Experiments are back, too. Of course, declaiming Baudelaire’s L’irrémédiable over a background of indus / electro synths may not be the most revolutionary idea ever – they’ve done it before – even if it makes sense, conceptually-wise. But Le Passager du Hasard may well be their most original brainchild since, perhaps, the 1666... Theatre Bizarre album: this is, basically, a song where the parts traditionally devoted to bass and guitar are switched, the bass taking the front, at least for a good share. Jean-Jacques Moréac must have had great fun recording that one, and his fun is communicative. Granted, one may feel it could have become even more experimental: Fantasia Artificielle, the song about drugs, is too... wise, almost boring as it never seems to really start, when one remembers the many truly hallucinated moments the early albums offered.

The clear production not only helps appreciating Moréac’s ubiquitous bass skills, de l’Argilière’s exalted growls and sick moans, Scemama’s intricate riffing and Féret’s metronomic snare pounding, but also all of the subtleties of an album which boasts enough of them to withstand the test of repeated listens, over these fifteen numbers which all sound markedly different: vintage thrashy riffing (1857), dreams of lesbians over acoustic guitars and crystalline synths (Plaisirs Saphiques), a melancholic grand-piano-and-vocals interlude (Prodigalité) opening a bouncing ode to 1850’s Parisian brothels served by an irresistible main riff (Le Dandy de Bohème), the list goes on. Even when, reaching the penultimate track, one would begin to think little was left to be said, the guys suddenly pull out of nowhere a My Dying Bride impersonation(*) for five minutes and a half of pure doom-death metal (L’Oracle de la Déchéance). That’s Misanthrope’s irrationality at its finest.

As a concept album drifting away from Misanthrope’s usual themes and images, IrréméDIABLE takes a unique spot in the band’s catalogue.
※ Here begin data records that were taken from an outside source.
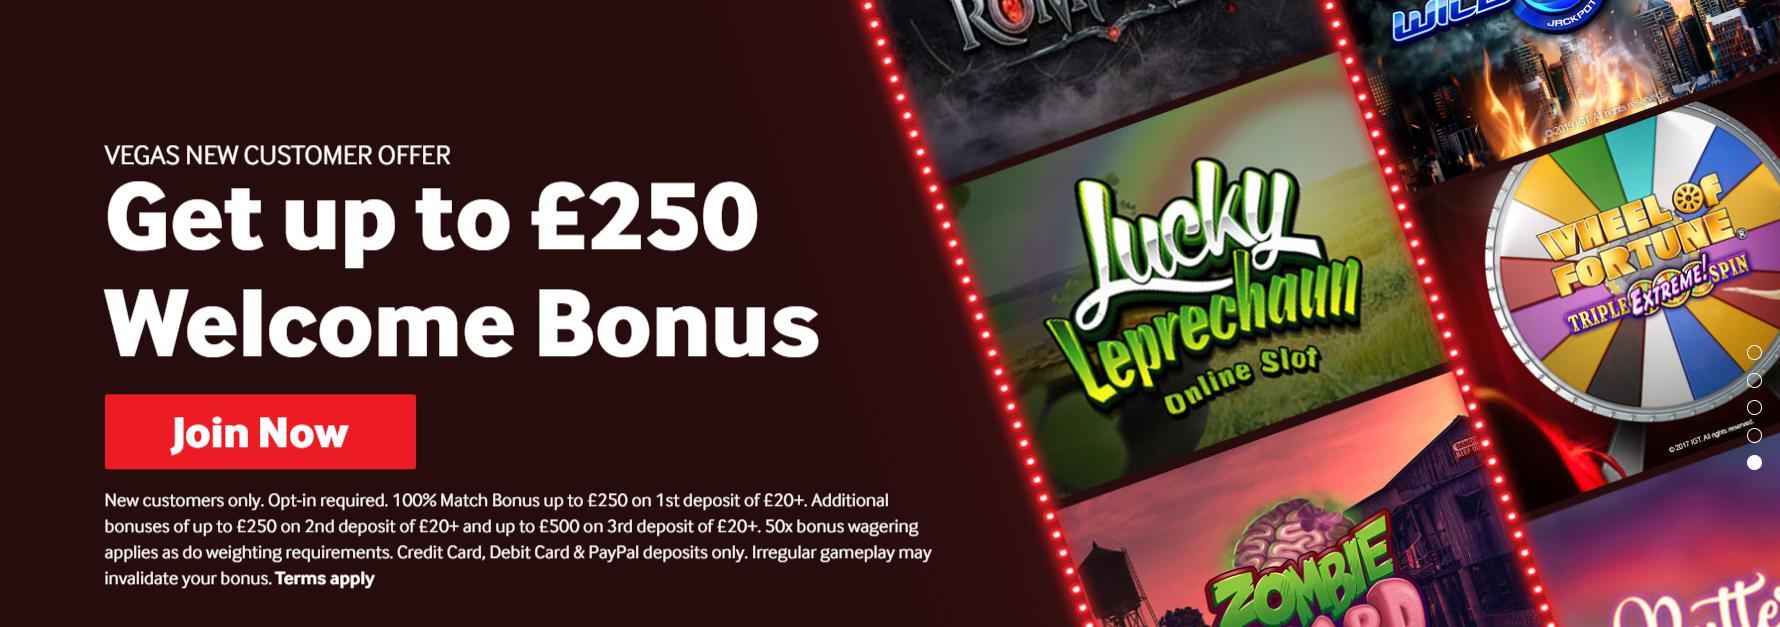 best slots bonus example 250 welcome bonus
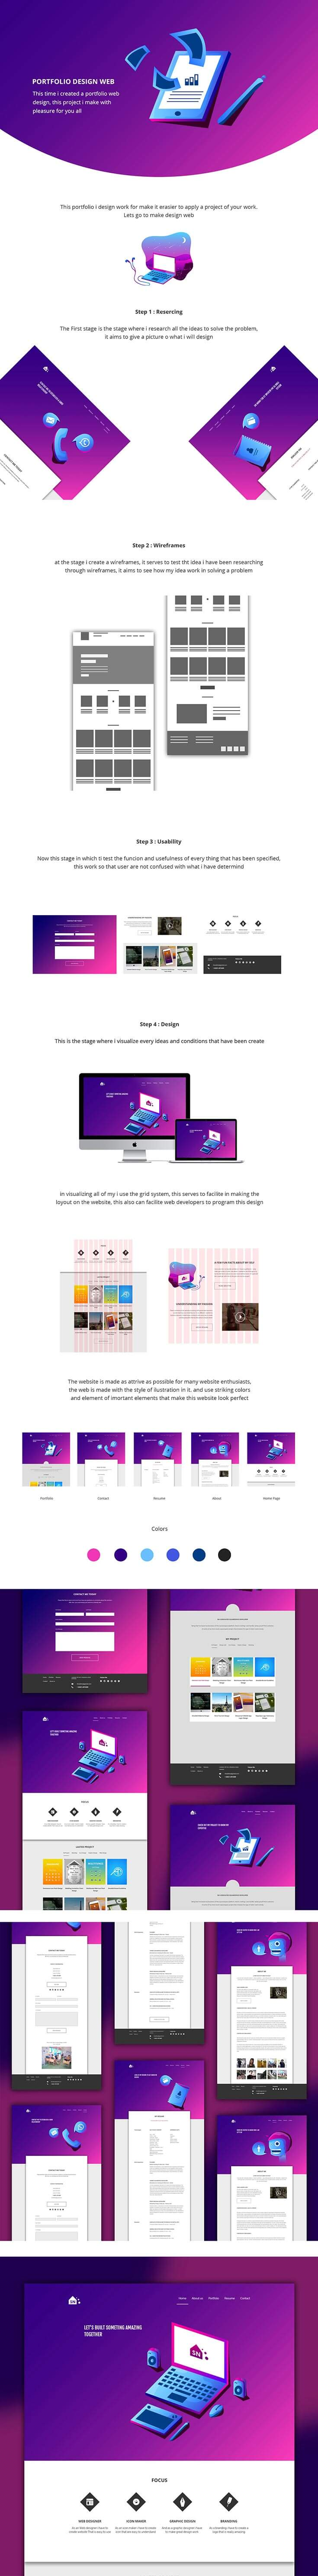 Free Portfolio Design Web Page PSD
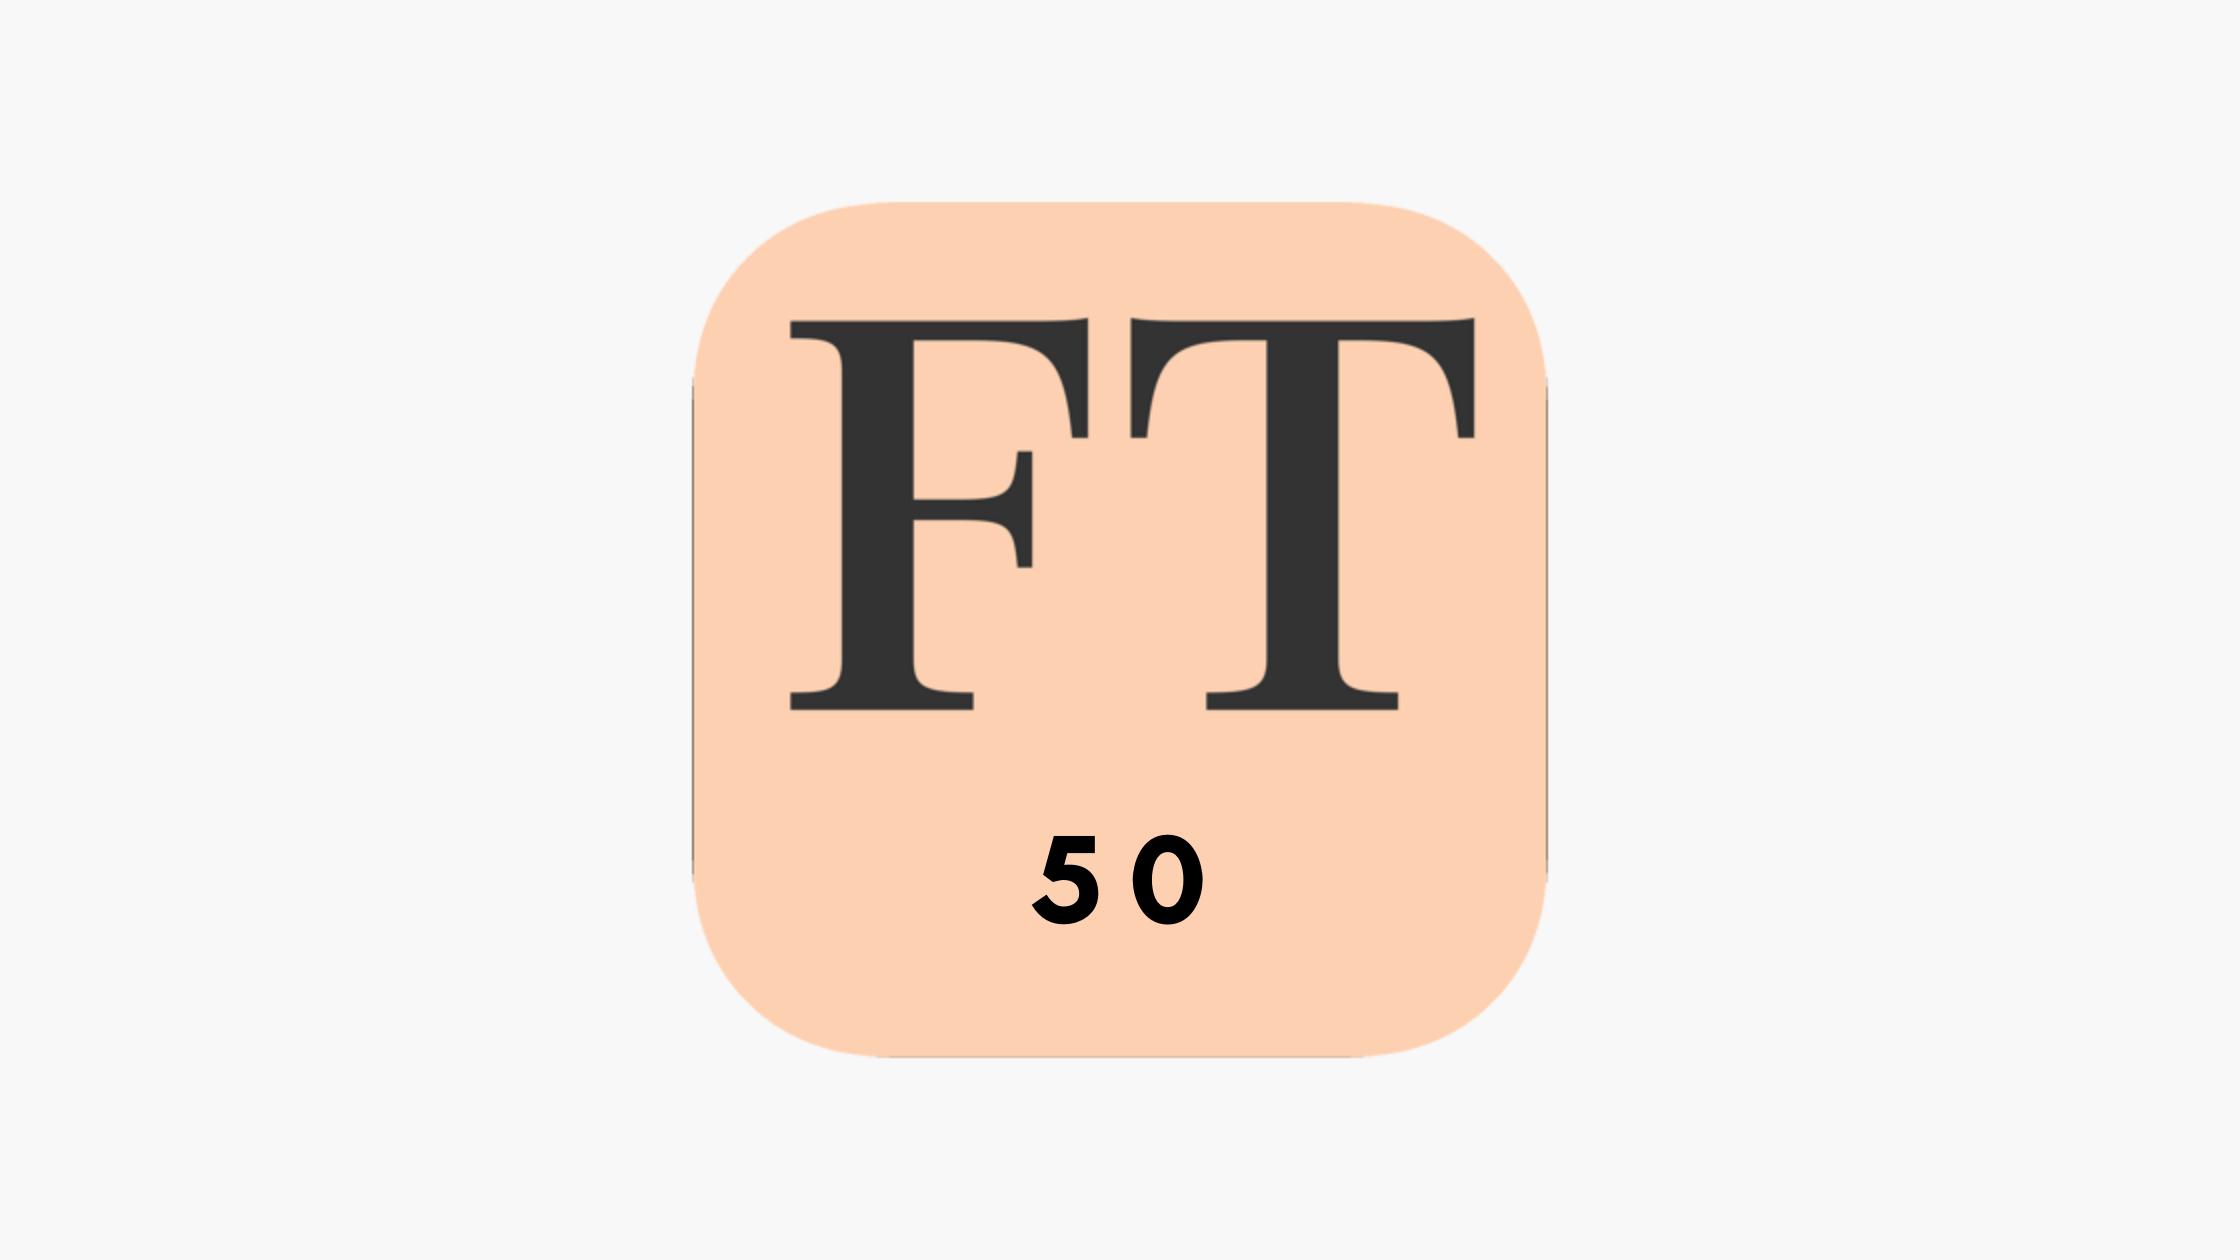 FT-50 Journals List | Top Journals in management

Paradoxically, it may also work as the perfect introduction to its distorted realm, nicely capturing what may be its true essence: musicians with irreproachable technical skills, extensive metal culture and, above all, an original French twist of mind, recording whatever fits their fluctuating definition of extreme music at the time, sometimes for the worse, sometimes, like here, for the better.

(*) Pure metaphor of course. Could anyone imagine the Victorian-to-the-bones Aaron Stainthorpe singing in French?
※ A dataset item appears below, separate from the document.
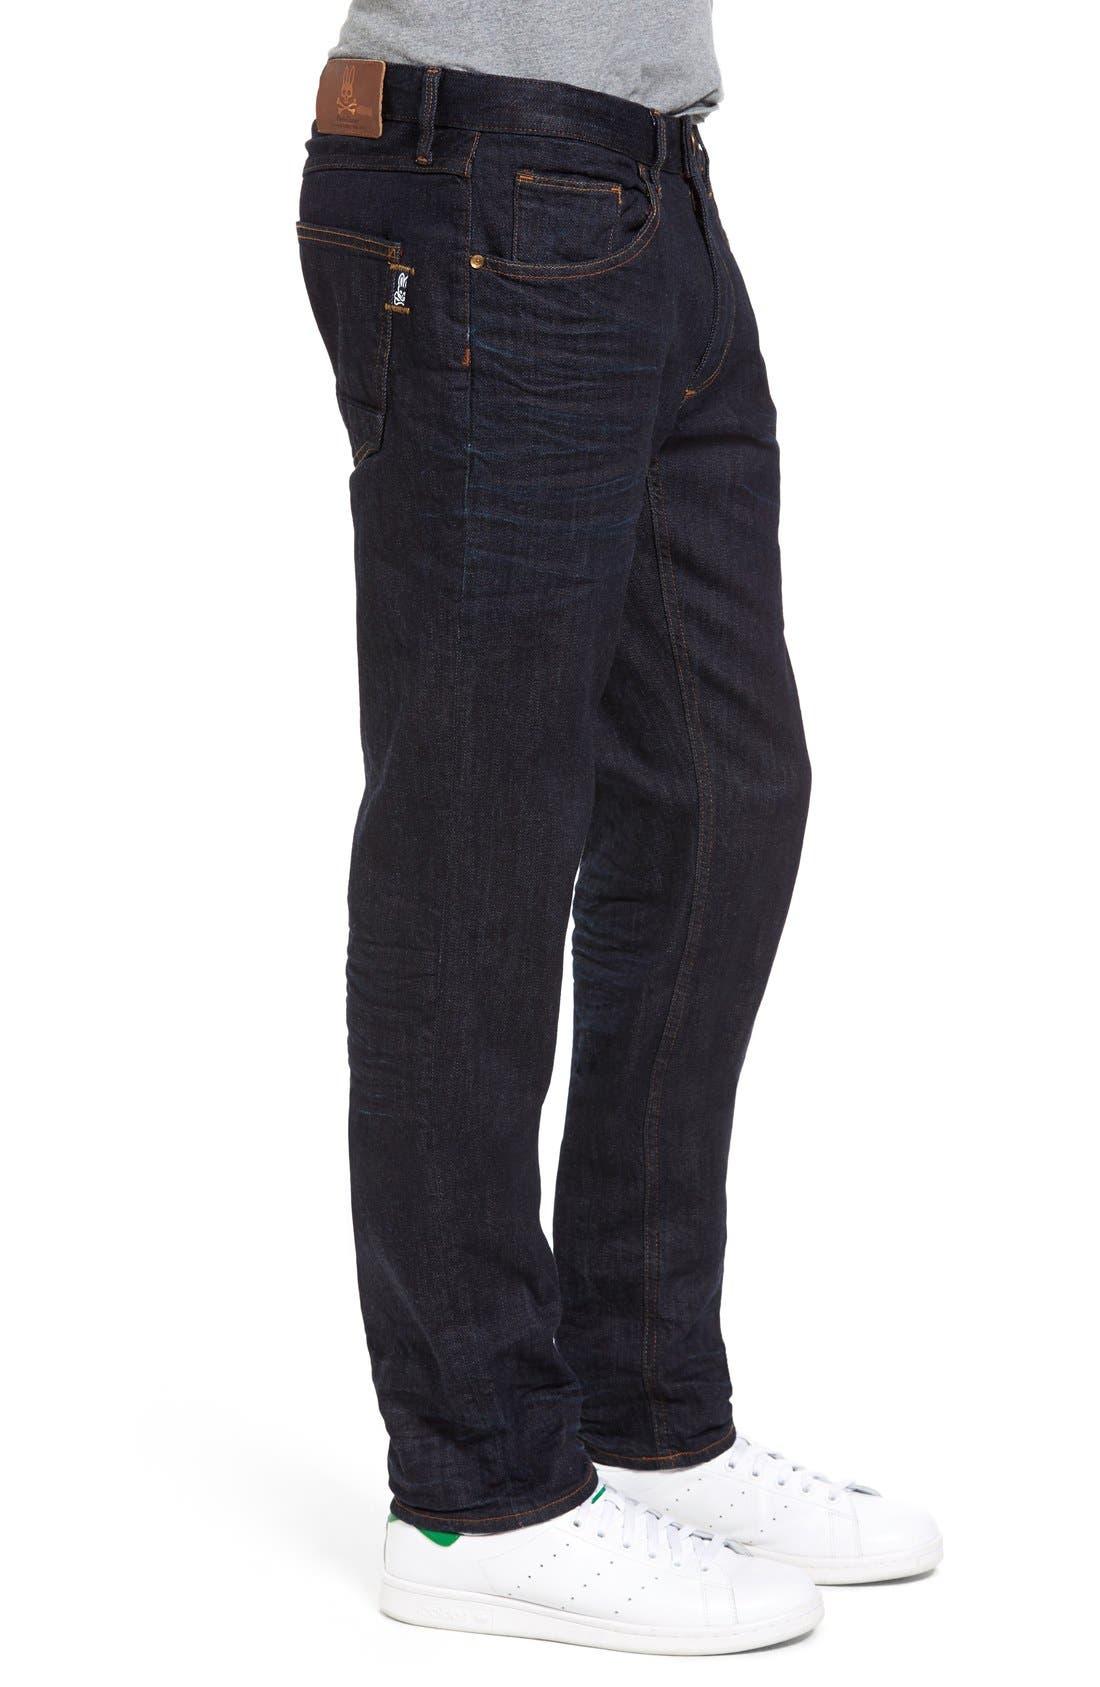 Canal Slim Fit Jeans,                             Alternate thumbnail 11, color,                             460

Highlights: Les Retourneurs de Pierres, Phénakistiscope, Prodigalité/Le Dandy de Bohème, Le Maudit et son Spleen

Much More Than Spleen - 80%

Dario_CF, August 22nd, 2008

If you are an educated deathster, with a good school curriculum, then you’ll like knowing “IrremeDIABLE” is an inspired concept by the character of Charles Baudelaire, the damned poet. And sure, if you still remember something of your French studies, you may read and listen the lyrics understanding the message of Misanthrope fully.
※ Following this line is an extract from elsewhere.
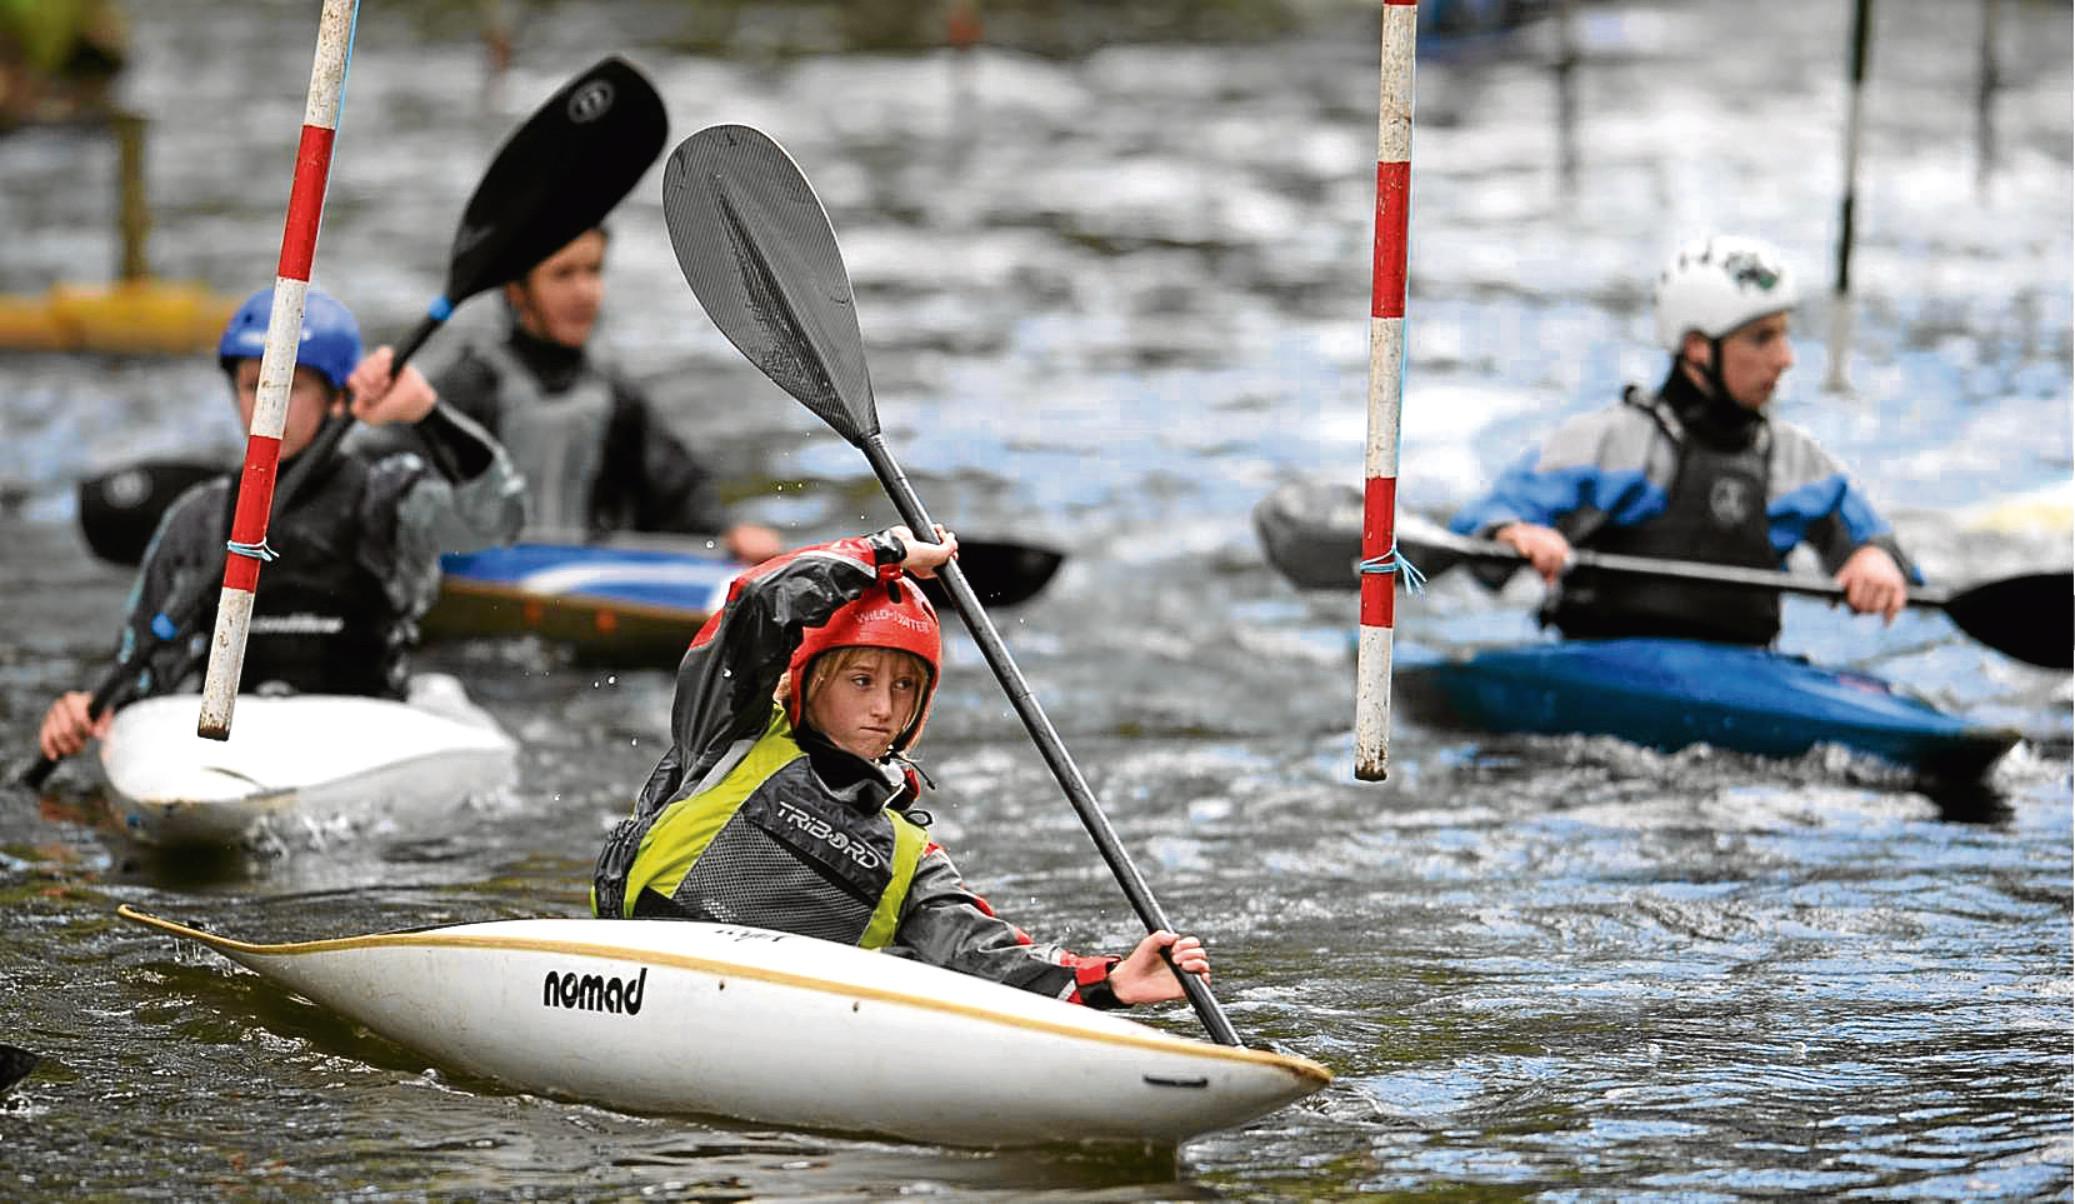 Kayak slalom at Seaton Park on the River Don.

If on the contrary at school you were some hardhead students, and during the class of literature you used to play cards, you merely know your tongue and finally you think “Les Fleurs Du Mal” is a perfume to give your girlfriend for her birthday, then don’t be afraid, give up the lyrics and focus on the music of the transalpine band: you’ll have many satisfactions.

Because Misanthrope made a huge work with their death metal, being not satisfied with making the thrash lesson even more rotten and ugly, but also testing themselves with a progressive elaborated writing, that gives the right room to the instruments technique (it’s hard to hear such a wonderful leading bass!) but without exaggerating or forcing the structures of the tracks, adding some splendid piano and keys touch that you’d expect more from a gothic metal act than from a death band.

The result is excellent and the music flows with naturalness, succeeding in exciting your ears all along the very long album. “IrremeDIABLE” offers us something not too straight, that requires a couple of careful listens but that in the end reveals all of its beauty and refinement.

Especially, something in their style recalls the mourned Death. And this explains what matter they are made of.